YOUR TASK:
Find how many lines in the material hold the word "green", then state that number and nothing more.

DATA UNDER STUDY:
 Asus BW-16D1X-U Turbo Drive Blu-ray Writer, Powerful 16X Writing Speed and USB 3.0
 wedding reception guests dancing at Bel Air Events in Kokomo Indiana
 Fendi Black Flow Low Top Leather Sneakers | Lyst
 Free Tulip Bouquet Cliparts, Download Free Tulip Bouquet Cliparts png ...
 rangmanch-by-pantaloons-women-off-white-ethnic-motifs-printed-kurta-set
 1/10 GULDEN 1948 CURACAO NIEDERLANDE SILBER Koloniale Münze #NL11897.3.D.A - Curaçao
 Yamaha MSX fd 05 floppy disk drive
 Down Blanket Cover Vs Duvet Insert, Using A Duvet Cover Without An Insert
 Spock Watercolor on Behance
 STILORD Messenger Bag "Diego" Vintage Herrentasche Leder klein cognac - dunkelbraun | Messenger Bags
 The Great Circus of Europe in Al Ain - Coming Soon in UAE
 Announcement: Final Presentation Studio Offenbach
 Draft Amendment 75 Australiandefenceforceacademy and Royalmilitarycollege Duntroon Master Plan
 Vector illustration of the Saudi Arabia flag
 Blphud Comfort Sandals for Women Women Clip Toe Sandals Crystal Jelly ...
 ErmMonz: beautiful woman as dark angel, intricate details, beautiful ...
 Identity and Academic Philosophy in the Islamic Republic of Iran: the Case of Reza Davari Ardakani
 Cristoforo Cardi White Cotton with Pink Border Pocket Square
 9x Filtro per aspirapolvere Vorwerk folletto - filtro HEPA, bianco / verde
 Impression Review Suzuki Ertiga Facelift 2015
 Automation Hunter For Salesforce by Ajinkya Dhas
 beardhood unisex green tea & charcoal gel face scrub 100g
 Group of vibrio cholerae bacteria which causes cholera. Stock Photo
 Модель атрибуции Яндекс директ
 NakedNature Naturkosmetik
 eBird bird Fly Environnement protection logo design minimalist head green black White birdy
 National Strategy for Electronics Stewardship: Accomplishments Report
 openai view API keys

RESPONSE TO THE EXERCISE:
2